Sand Tray Therapy: What You Need to Know

Written by Elizabeth Moreno, Licensed Independent Social Worker

Elizabeth Moreno, LISW, at Mind & Spirit Counseling Center

As a child therapist, it is such an honor that parents and caregivers allow me to work individually with their children. We often hear the term “play therapy” used when working with children. Play therapy encompasses many modalities and theories that a therapist can use. Since each child is so different, therapeutic approaches should be tailored accordingly. One of my favorite modalities to use with children, teens, families, and even adults, is Sand Tray Therapy.

So, what is Sand Tray Therapy exactly? Sand Tray is a modality that allows the individual to process intrapersonal and interpersonal issues through the use of verbal and nonverbal communication by using sand tray materials such as miniatures (toys) and a sandbox. This modality enables the therapist to employ both nondirective and directive therapy techniques, helping clients process emotions and situations through play.
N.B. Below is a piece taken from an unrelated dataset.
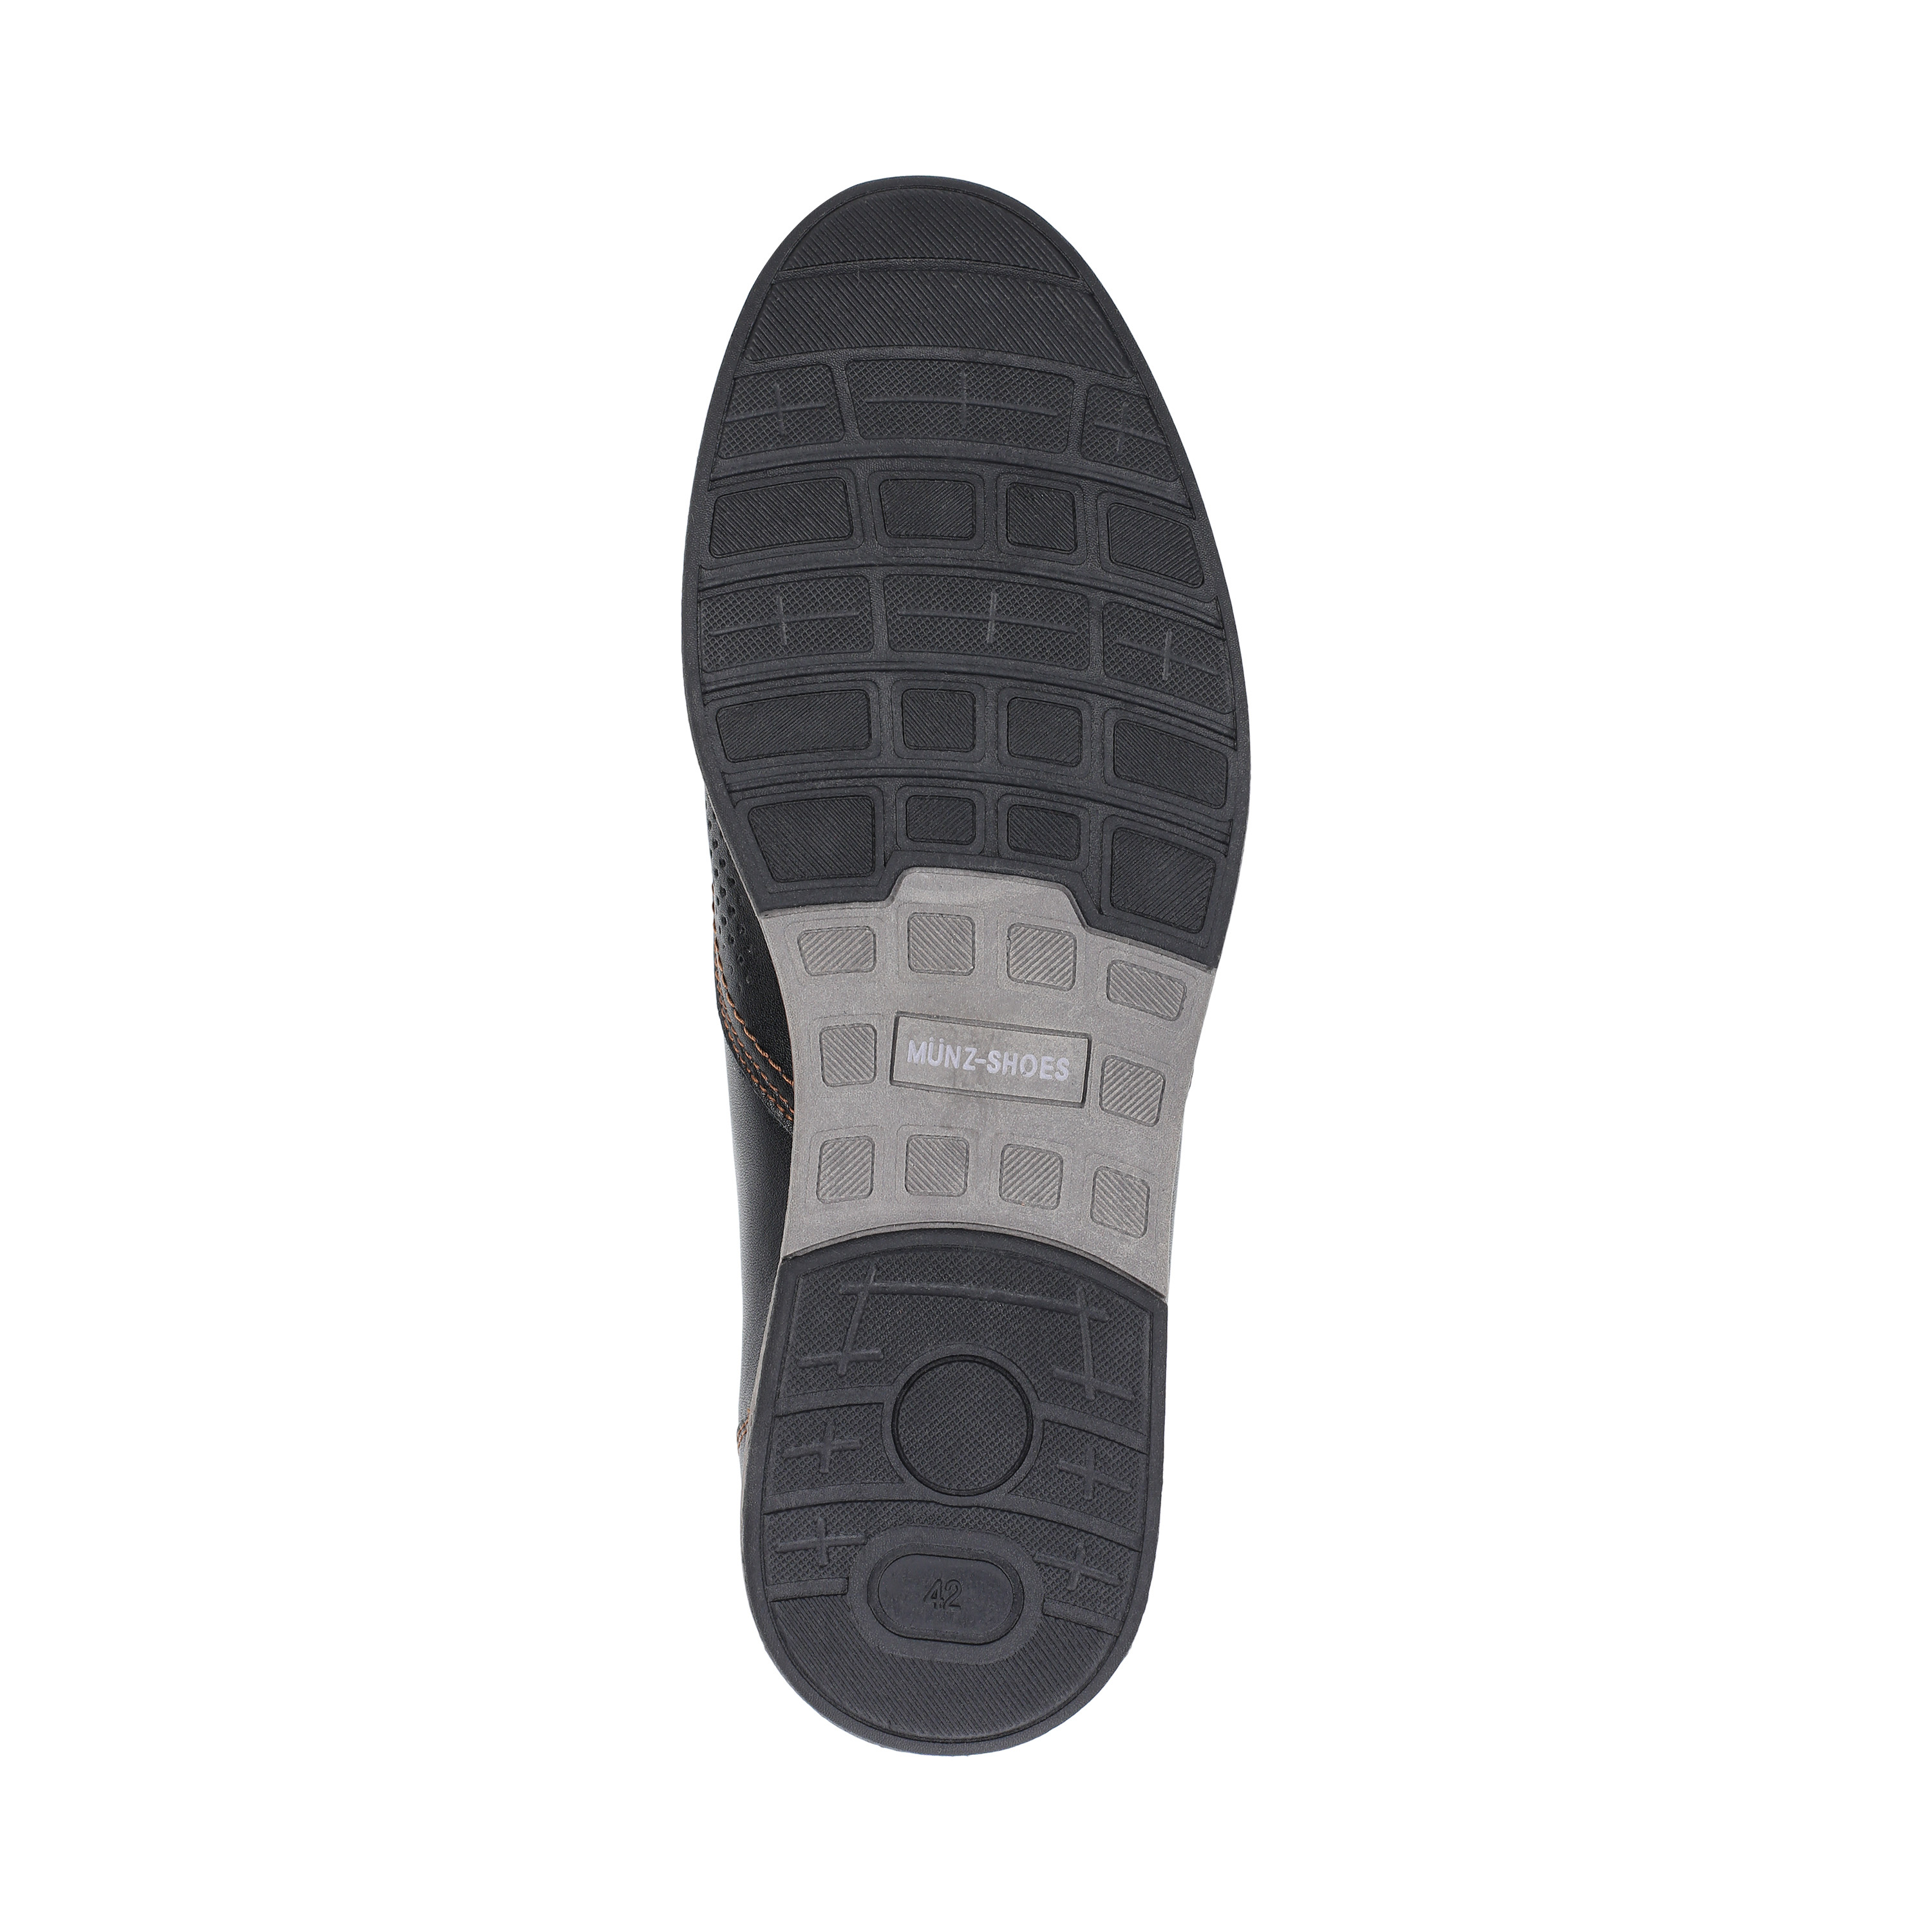 Полуботинки MUNZ Shoes 098-308A-1602 098-308A-1602, цвет черный, размер 42 туфли - фото 4

Sand Tray Therapy is a non-threatening approach that can take the pressure off needing to talk to the therapist and instead using images and a sensory component to allow the client to process.

There are many ways that Sand Tray Therapy can be used. Personally, I like to use it with kids and teens with anxiety or trauma. I also use this modality with families to allow family members to express concerns and emotions in the relationships. Sand Tray Therapy can be great for resistant clients, rapport building and a great exercise to step inside the client’s world.

 “Enter into children’s play and you will find the place where their minds, hearts, and souls meet.”

Virginia Axline

This modality allows just that—expressive sensory meets nonverbal language to assist with processing where the therapist is able to ask questions to explore deeper. The trained therapist is able to identify play therapy themes, ask curious questions and wonder to assist with processing.

Over the last 6 years of practice, I have seen many beautiful trays and it always seems to be a fan favorite that can also meet many needs of a client.

An example of a sand tray that may have someone processing how they feel they need to keep their love and happiness contained and instead have some explosive behaviors. (This is not an actual client example.)